Through the warm, spring dusk loomed an upright figure, and next moment a sturdy arm encircled Lottie's slim waist, and a closely-clipped moustache brushed her check.

"I knew you'd meet me!" said a voice triumphantly.

"Knew, indeed!" retorted Lottie, with pretended indignation. "I like your impudence, Fred!" Then, with a sudden change of tone, "I was very nearly prevented, Fred."

"Why, you promised, sweetheart!" said Fred Medland, a well-set-up young fellow, in the dark uniform of a prison warder.

"I know I did," confessed Lottie; "but about—"

"Has your father been making trouble?" struck in Fred quickly.

"Not any more about us, Fred. But there is trouble, all the same."

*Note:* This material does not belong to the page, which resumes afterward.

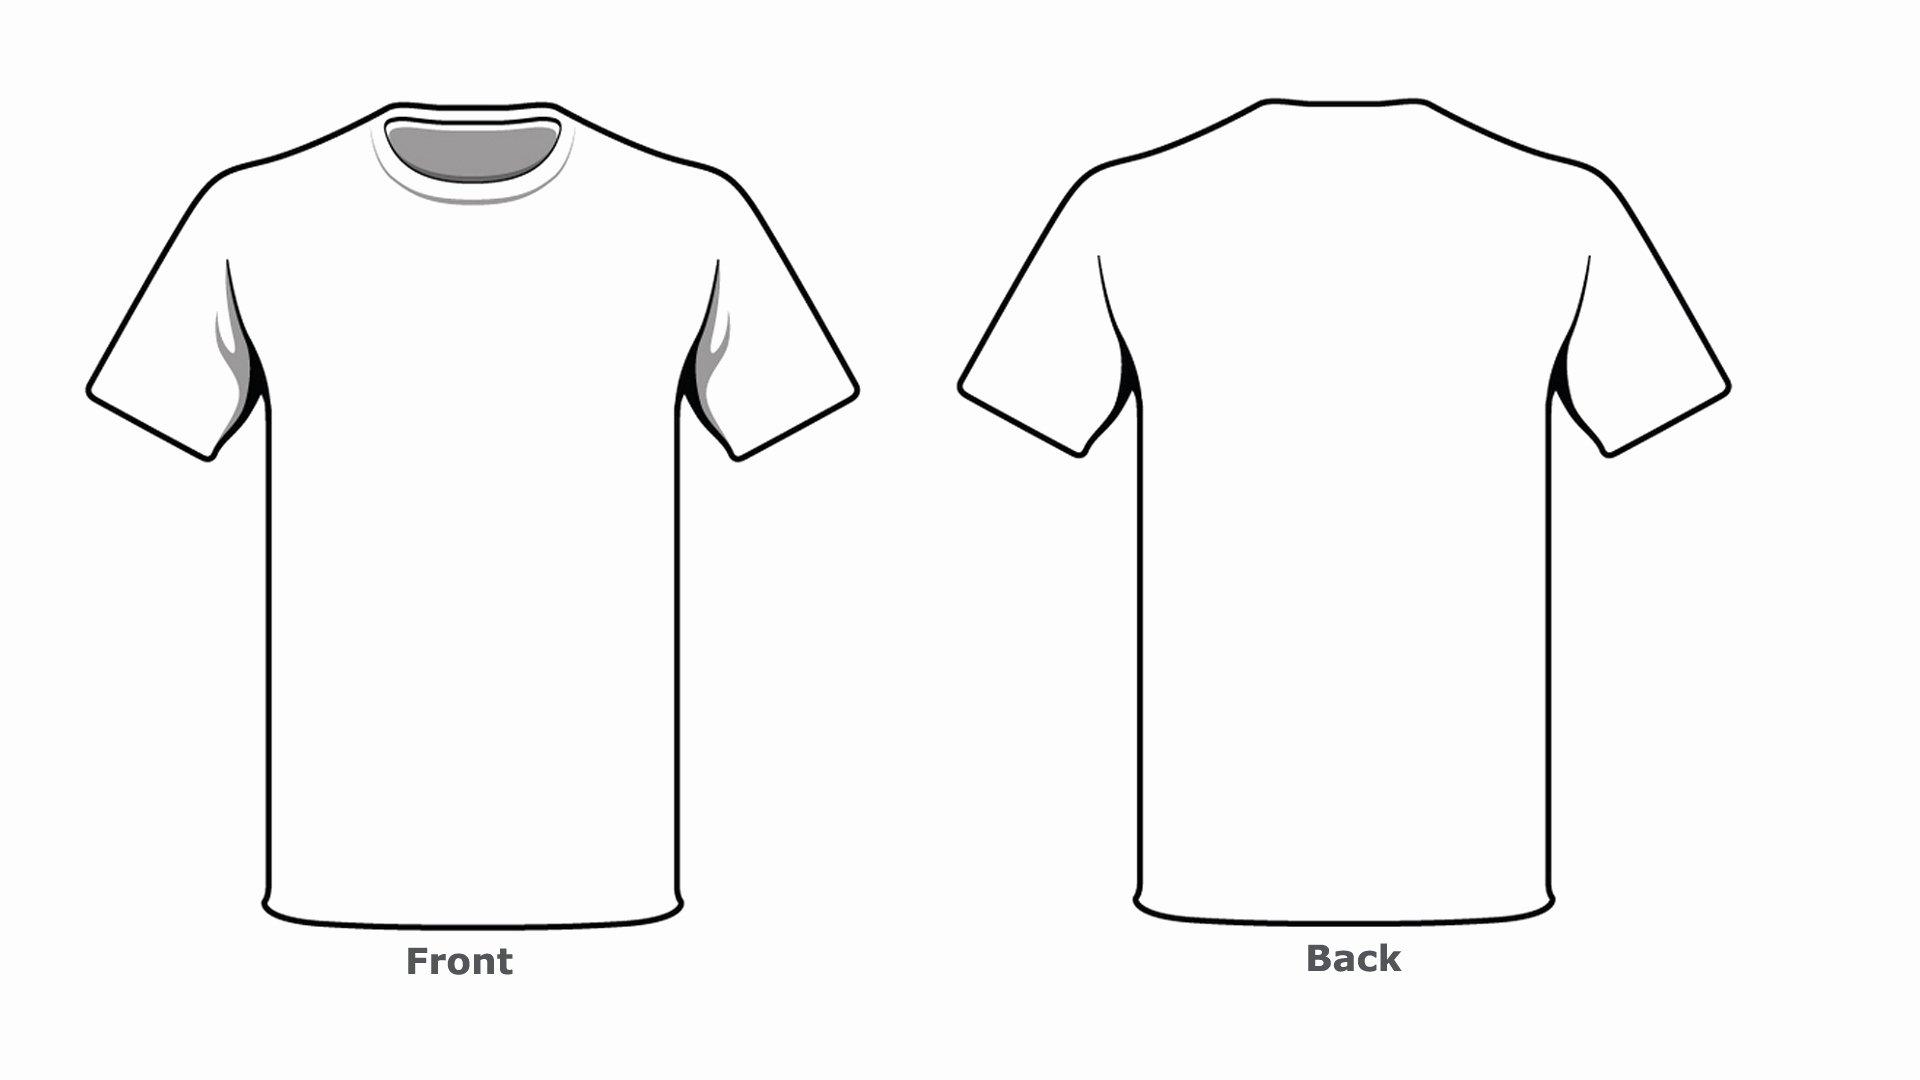 Blank Tshirt Template Elegant Blank Tshirt Template Front Back Side In High Resolution
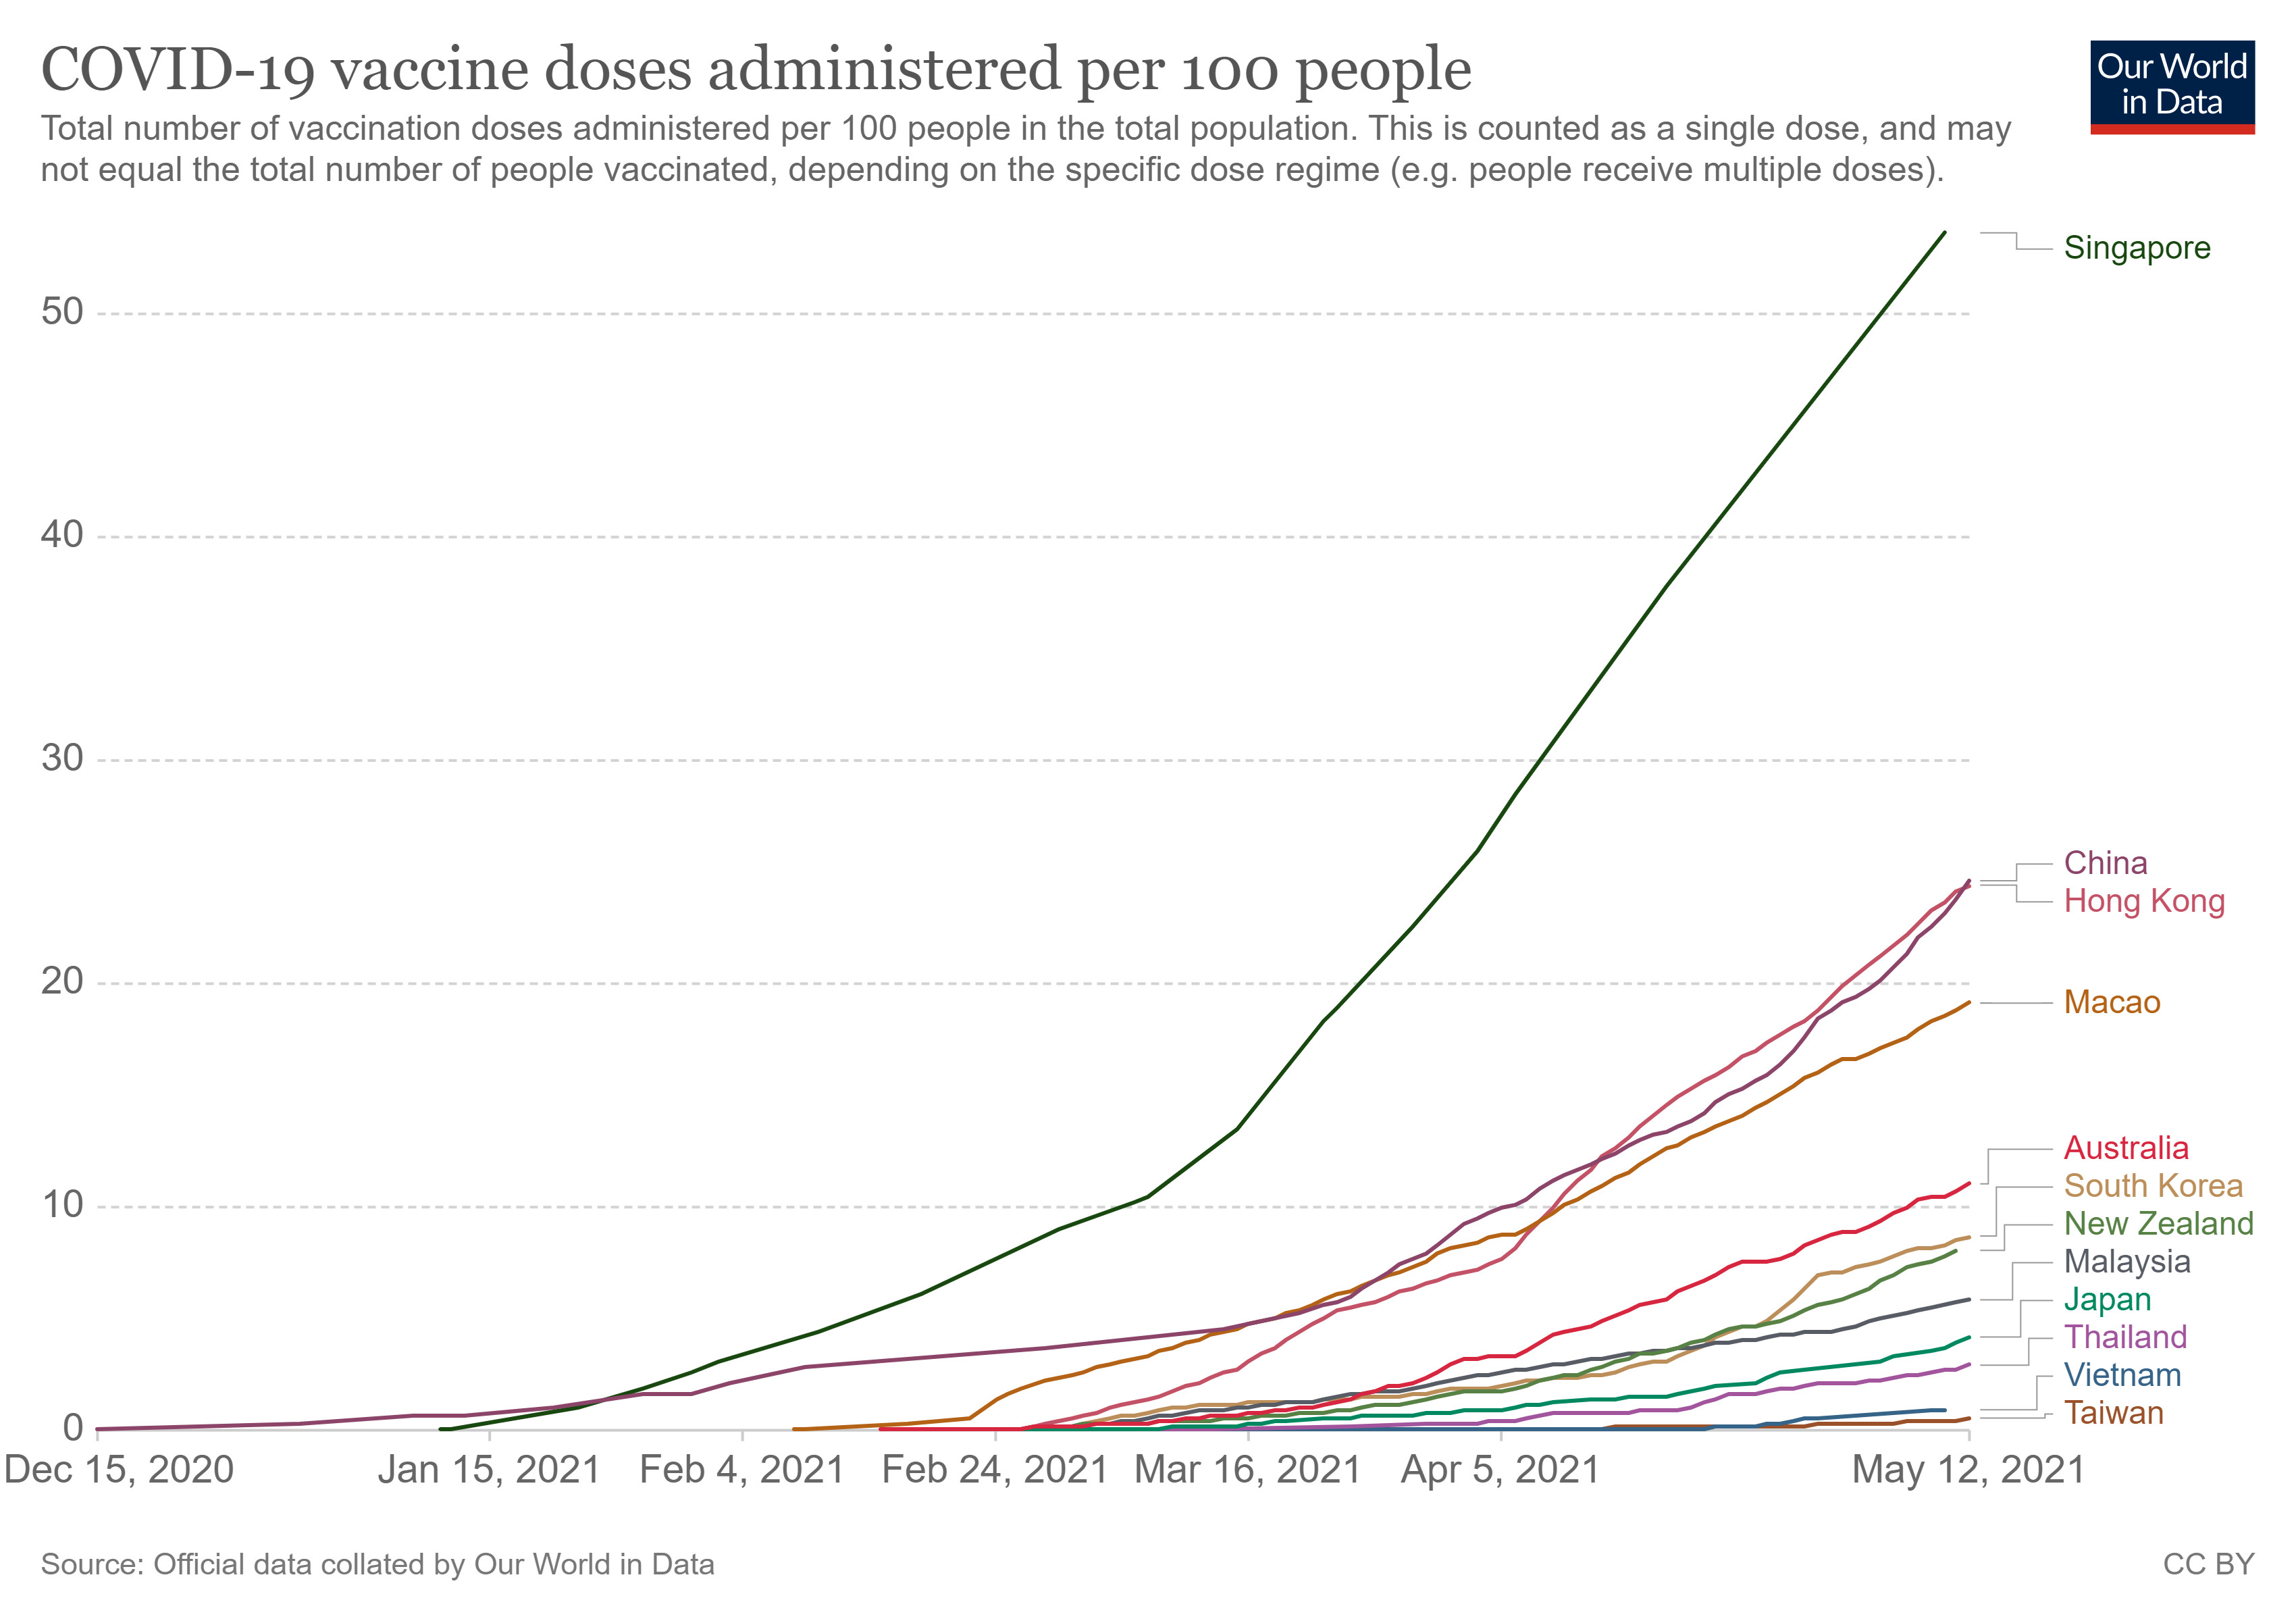 COVID-19,疫情,邊境管制,澳洲,台灣,印度,社區感染,群聚感染,諾富特,基因定序,覆蓋率,萬華,和平醫院,清零,封城,陳時中,疫情指揮中心

"What is it, dear?" asked Fred anxiously. "Is it anything I can help in?"

Lottie shook her head.

"I don't know myself what it is, but father is terribly upset about something."

"Upset!" repeated Fred. "Why, I thought he was ever so pleased about getting his promotion to principal warder."

"So he is, Fred," the girl answered quickly—"pleased as he could be. This morning he went off gay as a lark. He was so cheerful that it was in my mind to ask him again to-night and see if he wouldn't give his leave for us two to be engaged."

She paused a moment, a frown creasing her pretty forehead.

"When he came back to dinner," she continued, "he was a changed man. He was ten years older than when he went on duty!"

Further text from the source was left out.